Dissociated cell suspensions were prepared from the ventral midbrain of normal mouse foetuses and stereotaxically implanted into the neostriatum of 2-3 months old homozygous weaver mutant mice, which are severely deficient in dopamine. In tests of amphetamine-induced turning behaviour 60 days after grafting, recipient animals displayed a rotational bias opposite to the grafted side. Prior to perfusion, which was carried out at 80 days after transplantation surgery, the grafted striata of the weaver recipients were deprived of their intrinsic mesostriatal dopamine input by local injections of 6-hydroxydopamine into the ipsilateral substantia nigra in order to selectively study the innervation derived from the graft. Grafts were found to contain an estimated 100-700 tyrosine hydroxylase immunoreactive neurones. An ultrastructural analysis demonstrated that both axons and dendrites immunoreactive for tyrosine hydroxylase extended from the graft into the recipient striatum. In the host striatum proximal to the graft (i.e. at a distance of 0.0-0.5 mm from the graft) the proportion of dendrites to axons was about 1:2, whereas distal to the graft (i.e. at a distance of 0.5-1.0 mm) it was 1:20. Graft-derived tyrosine hydroxylase immunoreactive axons were primarily found in apposition with unlabelled dendrites or spines of the recipient striatum (greater than 90%).

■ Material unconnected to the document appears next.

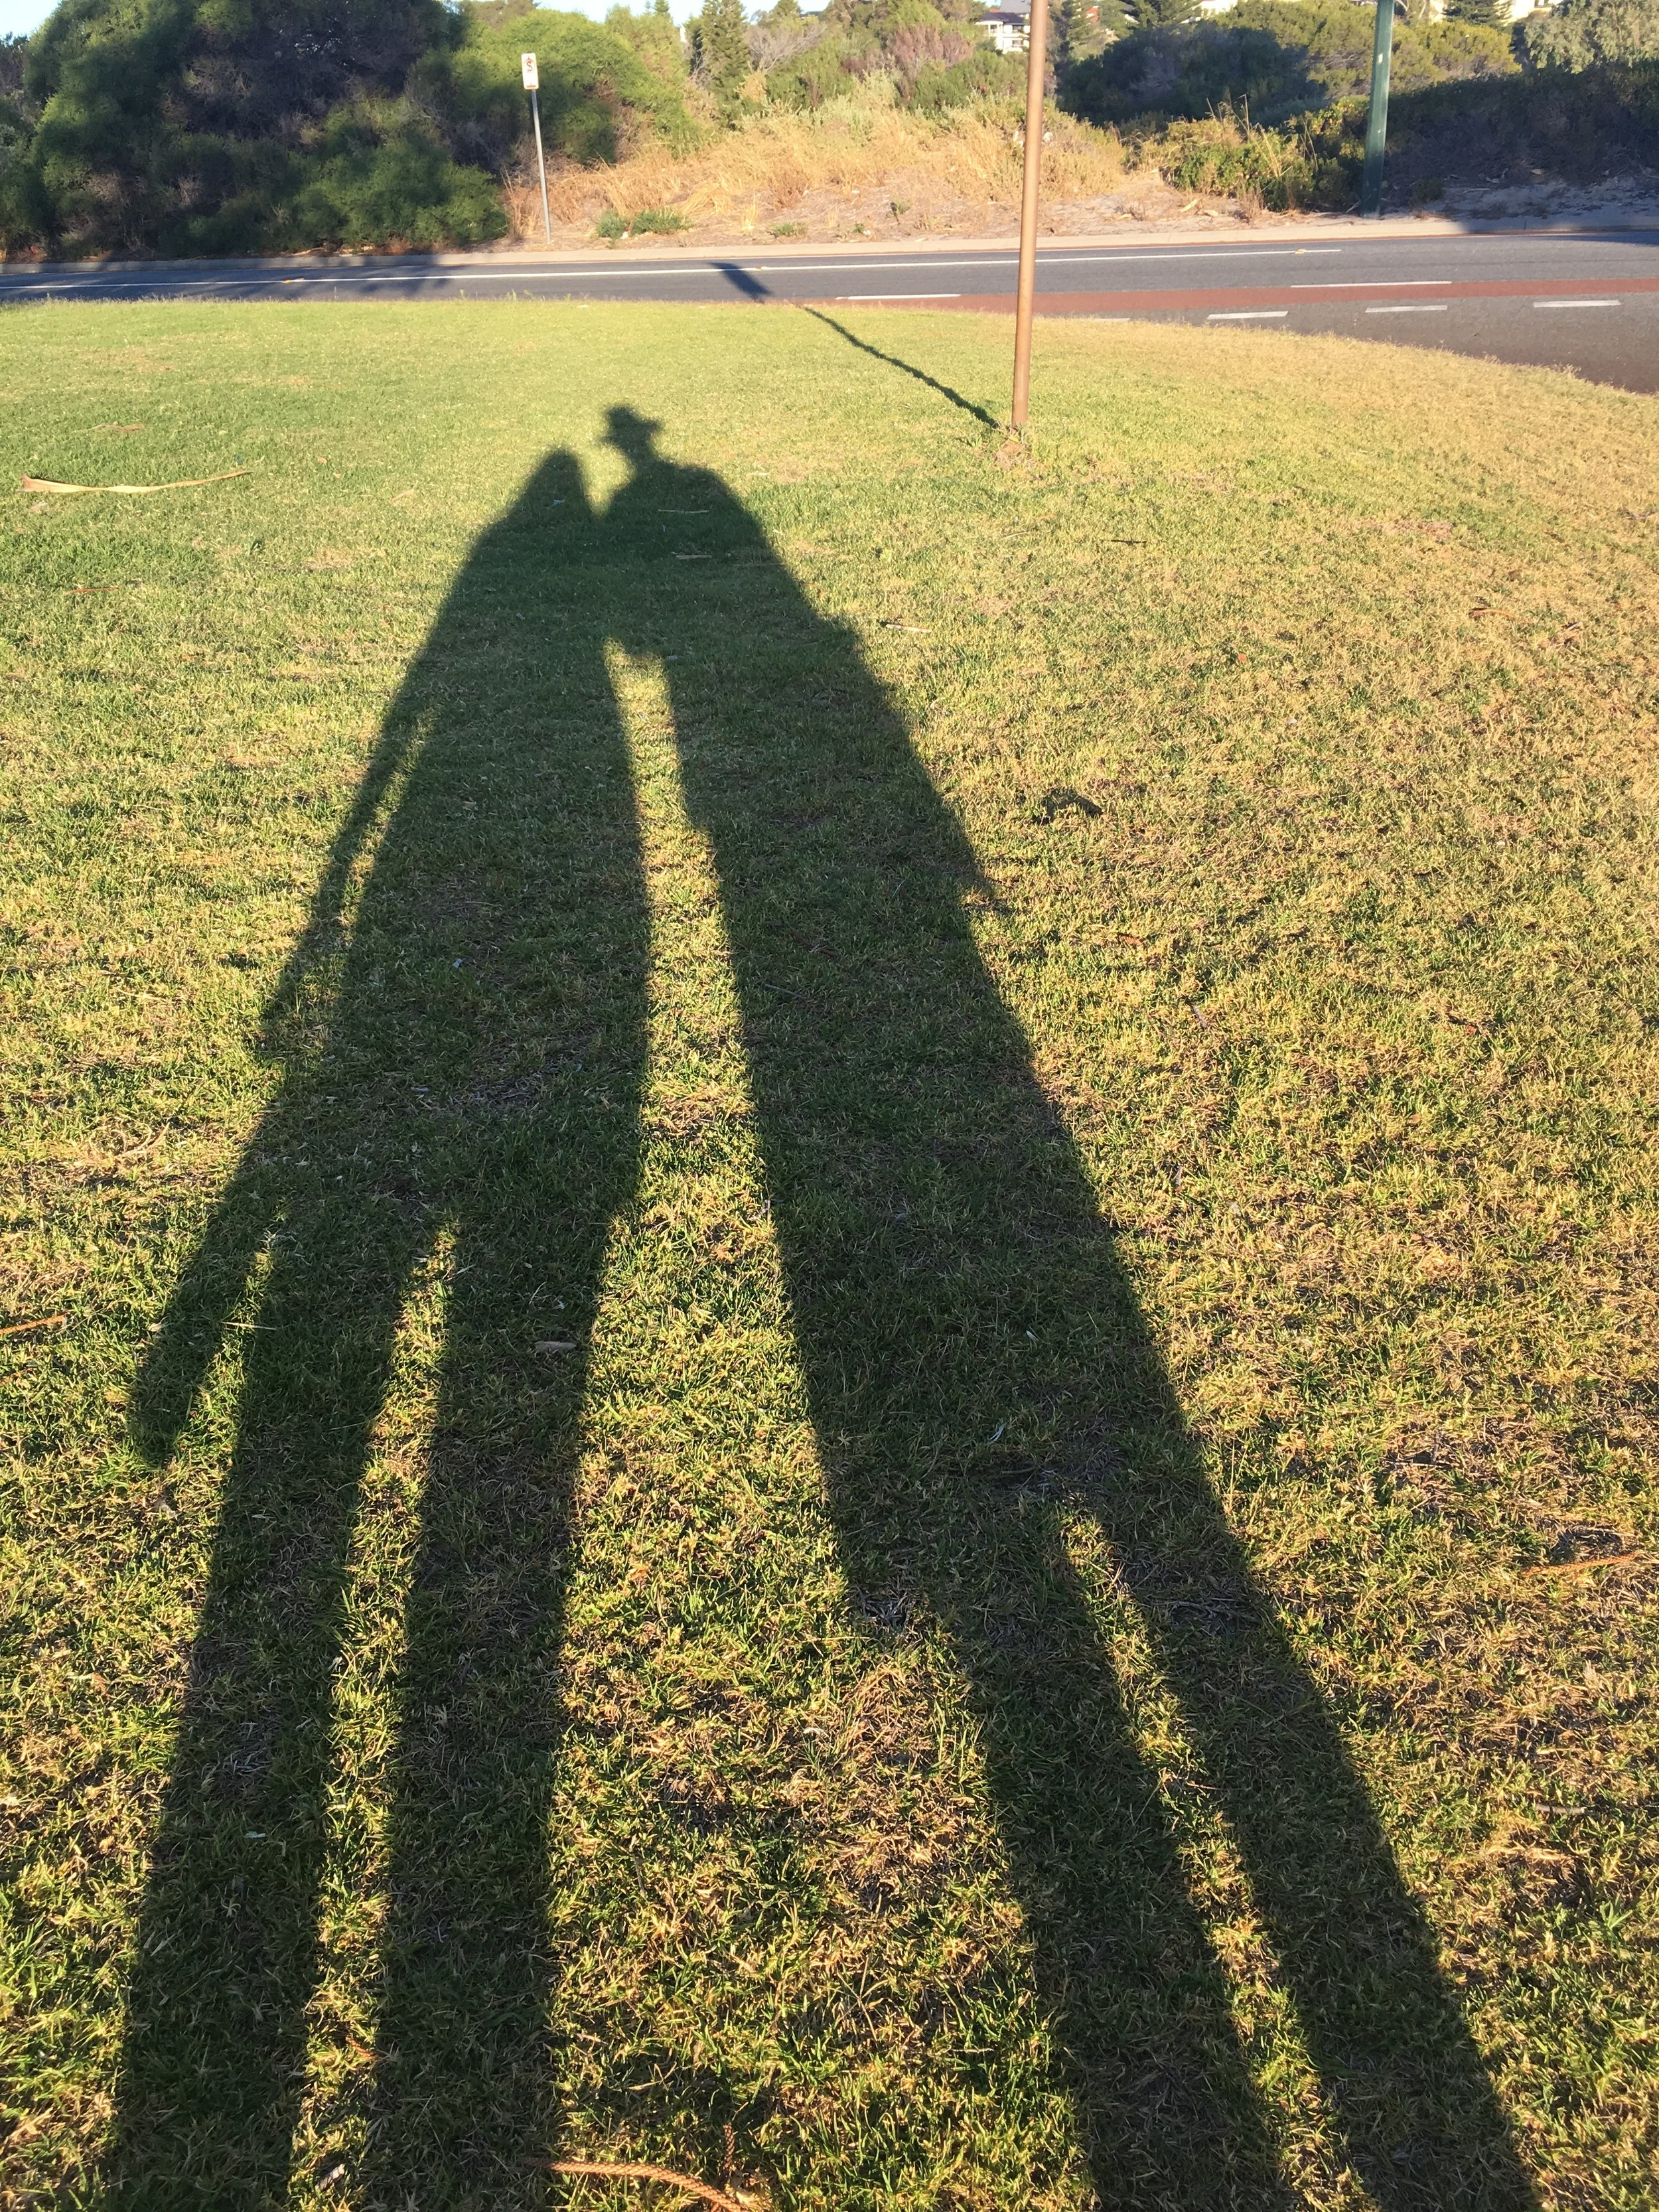 me & Freddy Krueger!
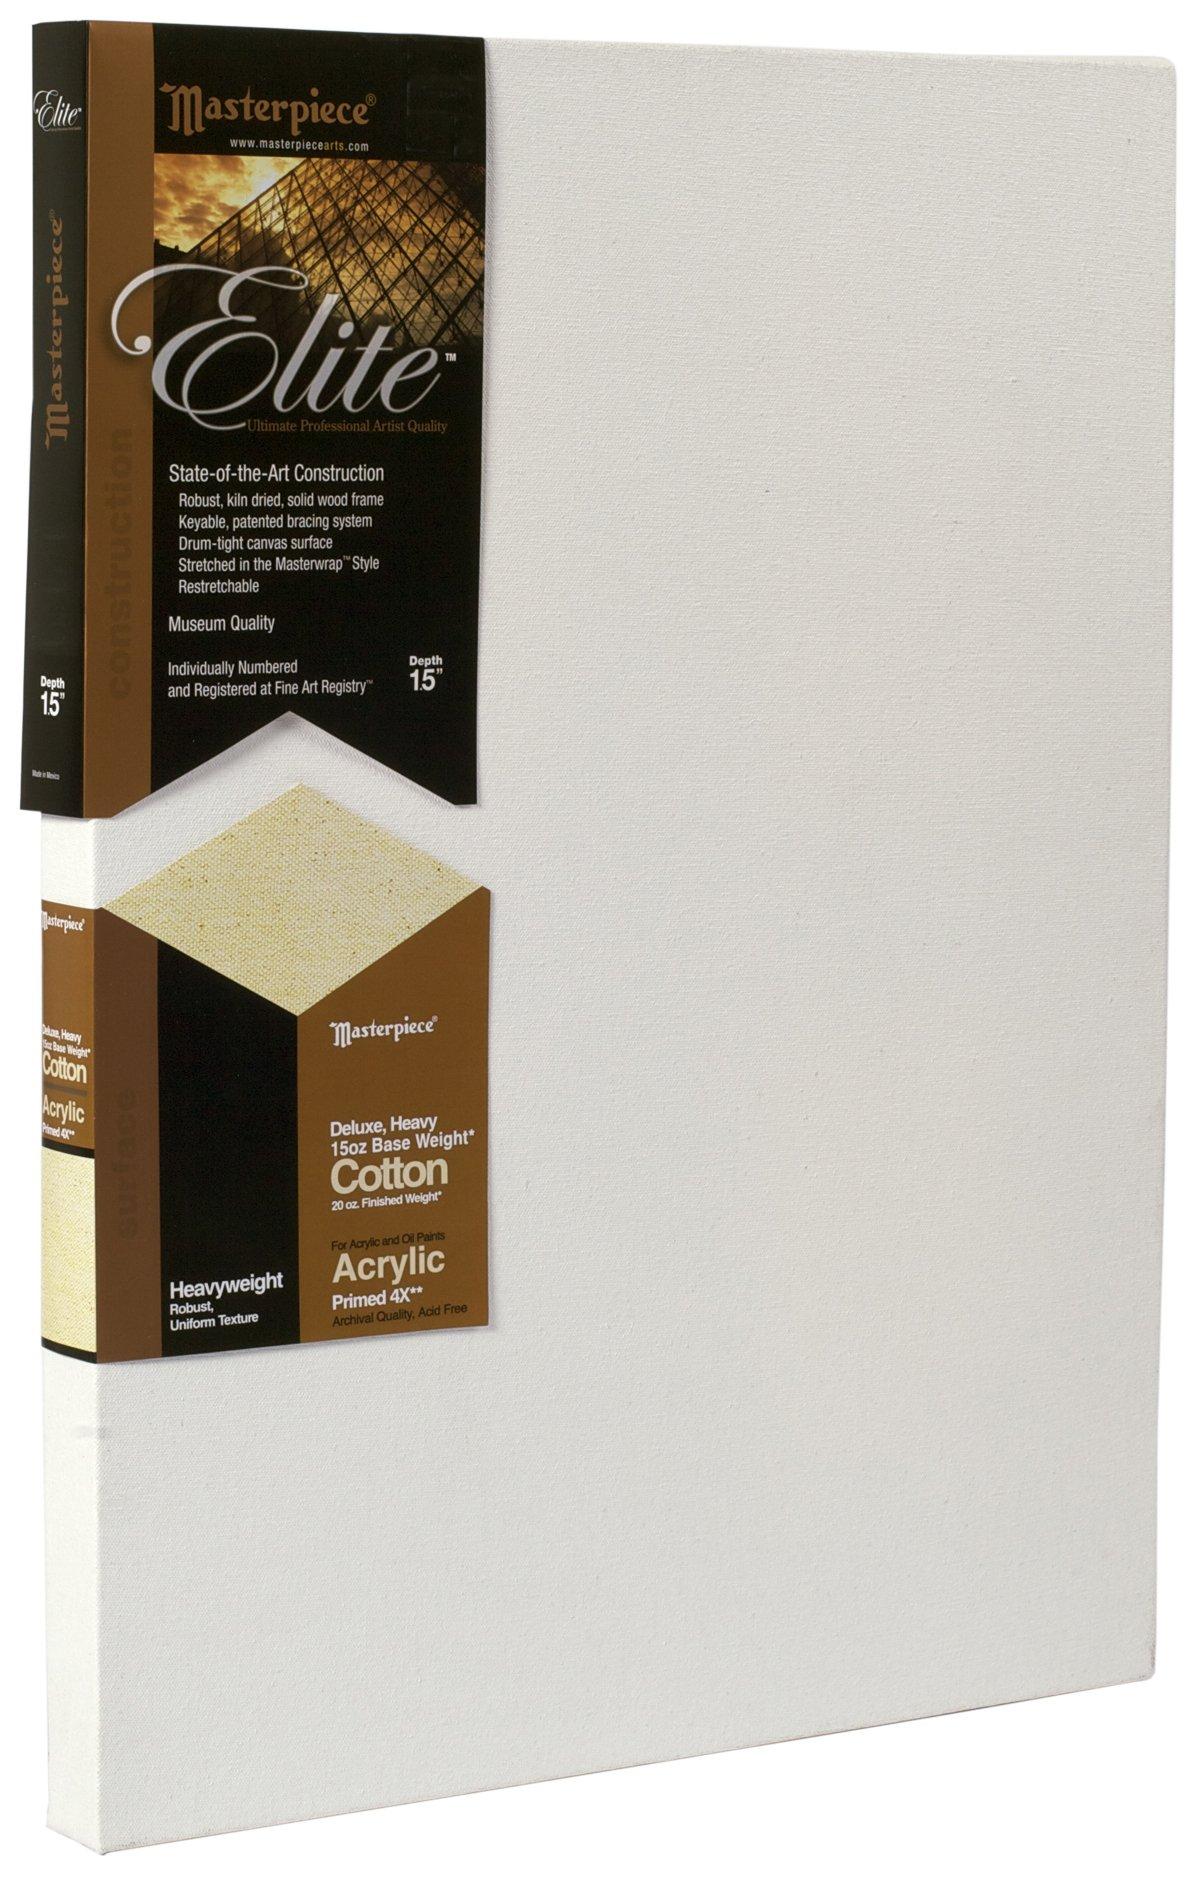 Masterpiece Artist Canvas 34551T Elite 1-1/2'' Deep, 48'' x 60'', Heavy 15-Ounce Acrylic Primed Cotton

Graft-derived dopaminergic dendrites received synaptic input from unlabelled axon terminals and were opposed to the unlabelled somata of striatal neurones in a few instances. In conclusion, this study shows that mesencephalic cell suspensions survive in the weaver striatum and provide a functional dopamine innervation which comprises both axonal and dendritic processes.

PMID:
1968850
[Indexed for MEDLINE]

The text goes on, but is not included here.